A second year student, Tyler's work has been accepted for presentation at conferences such as the International Communication Association. He is an alumnus of the University of Colorado Boulder, where he graduated magna cum laude while simultaneously serving as an Executive of one of the country's largest student unions. He later received an M.A. from the University of Chicago, where he wrote a thesis examining self-expression and identitarian politics on Tumblr. Prior to his doctoral studies, Tyler worked on political campaigns for nearly a decade.

Paromita Sengupta

psengupt@usc.edu

Paromita is a 4th year doctoral student at the Annenberg School for Communication, University of Southern California. Her research is situated at the intersection of participatory politics, digital media, and humor, and she is especially interested in the way in which online counterpublics use discursive activism to create new toolkits of resistance.

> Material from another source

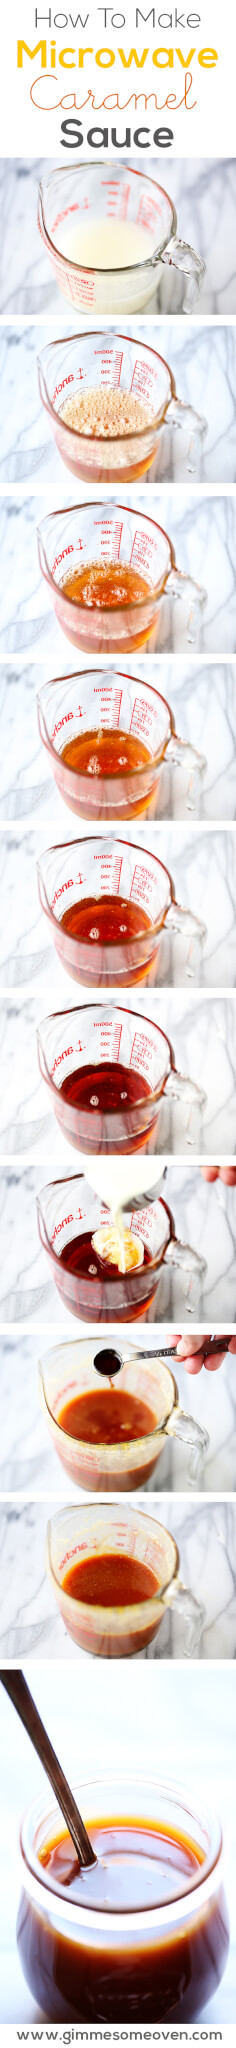 Microwave Caramel Sauce | gimmesomeoven.com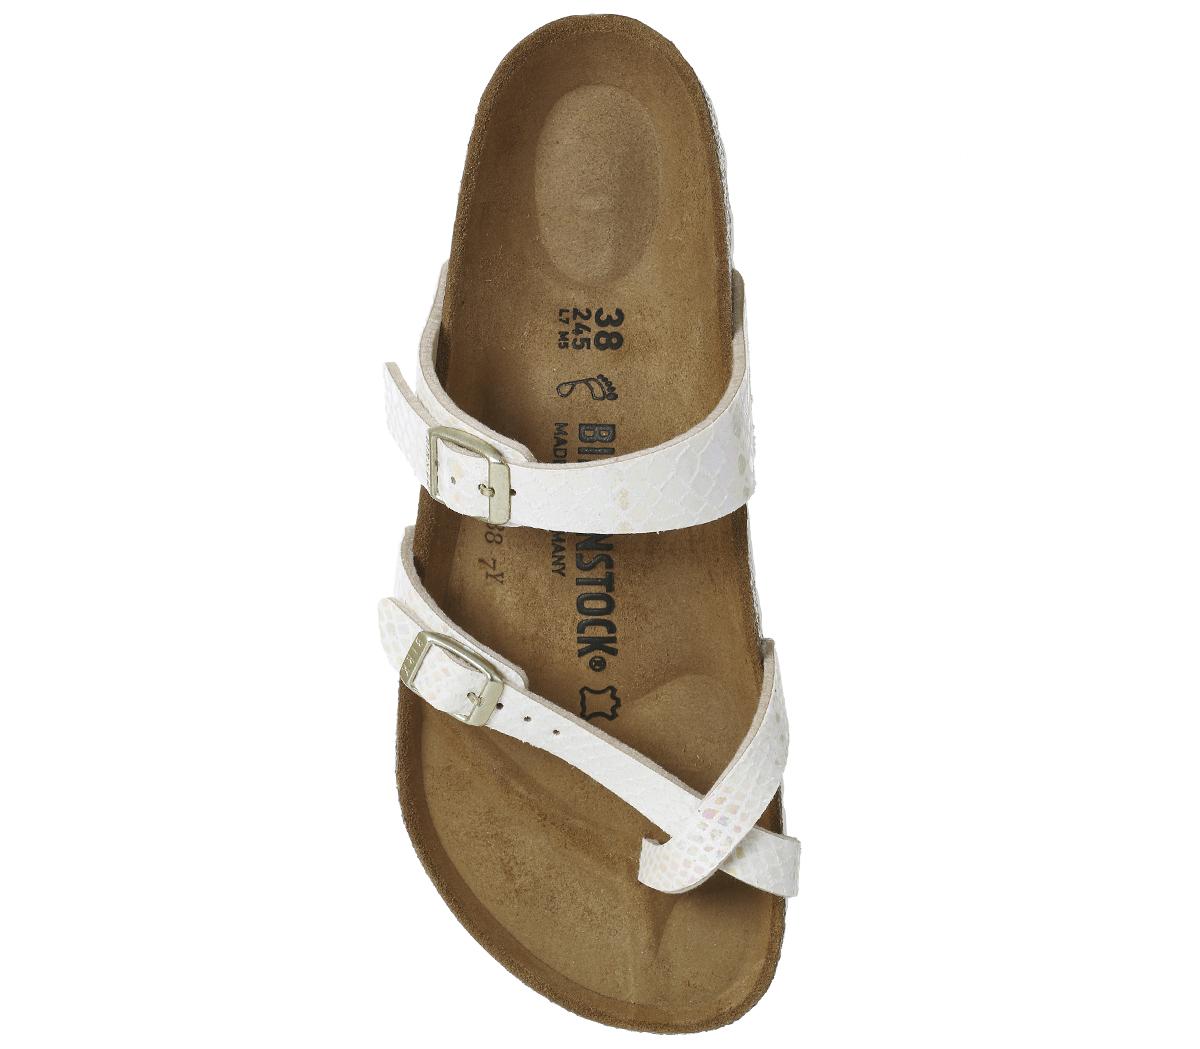 4767e01458d Womens Birkenstock Mayari Cross Strap Sandals SHINY SNAKE CREAM ...

Emilia Yang is an activist, artist, and militant researcher. Yang is currently a Ph.D. student in Media Arts + Practice in the School of Cinematic Arts at the University of Southern California. Her work has been interconnected with digital communications, performance, and public art. Her research focuses on participatory culture and its relationship to media, arts, and design. She is interested in transmedia storytelling framed through the question of how it can foster social change and civic engagement. Her art practice utilizes site-specific interactive installations, interactive documentaries, performance, and urban interventions, all of which explore social justice issues in participatory ways. Emilia completed an M.A in Communications at Penn State University. Her Master’s project researched the first social media protest to make it to the streets in her home country Nicaragua. She developed a participatory transmedia storytelling hub in a site called ocupainss.org with the objective to present the maximum number of stories and violations of human rights around this protest.

Sulafa Zidani

zidani@usc.edu

Sulafa Zidani is a doctoral student at USC Annenberg. She researches new media, participatory culture, and digital language and power dynamics, with special interest in China and the Arab World.

 

Sulafa is a speaker of English, Arabic, Hebrew, Mandarin, and French. She is a founding organizer of Annenberg's communication and cultural studies graduate student conference, Critical Mediations. Prior to joining Annenberg, she worked as a teacher, research assistant, and translator in Palestine, Israel, China, and the US.

 

She earned her BA and MA from the Hebrew University of Jerusalem in Asia Studies and Communication and Journalism. Her MA thesis investigated the complex relationship between political power and new media by focusing on the use of counter-power expressions born in the online resistance discourse on the Chinese microblogging website Weibo. She has also studied Arabic forms of digital creativity through a collaborative analysis of "Gangnam Style" remakes as identity practice.

 

Through her research, Sulafa seeks to uncover the deeper meanings, values, and ideologies behind digital participation and expression.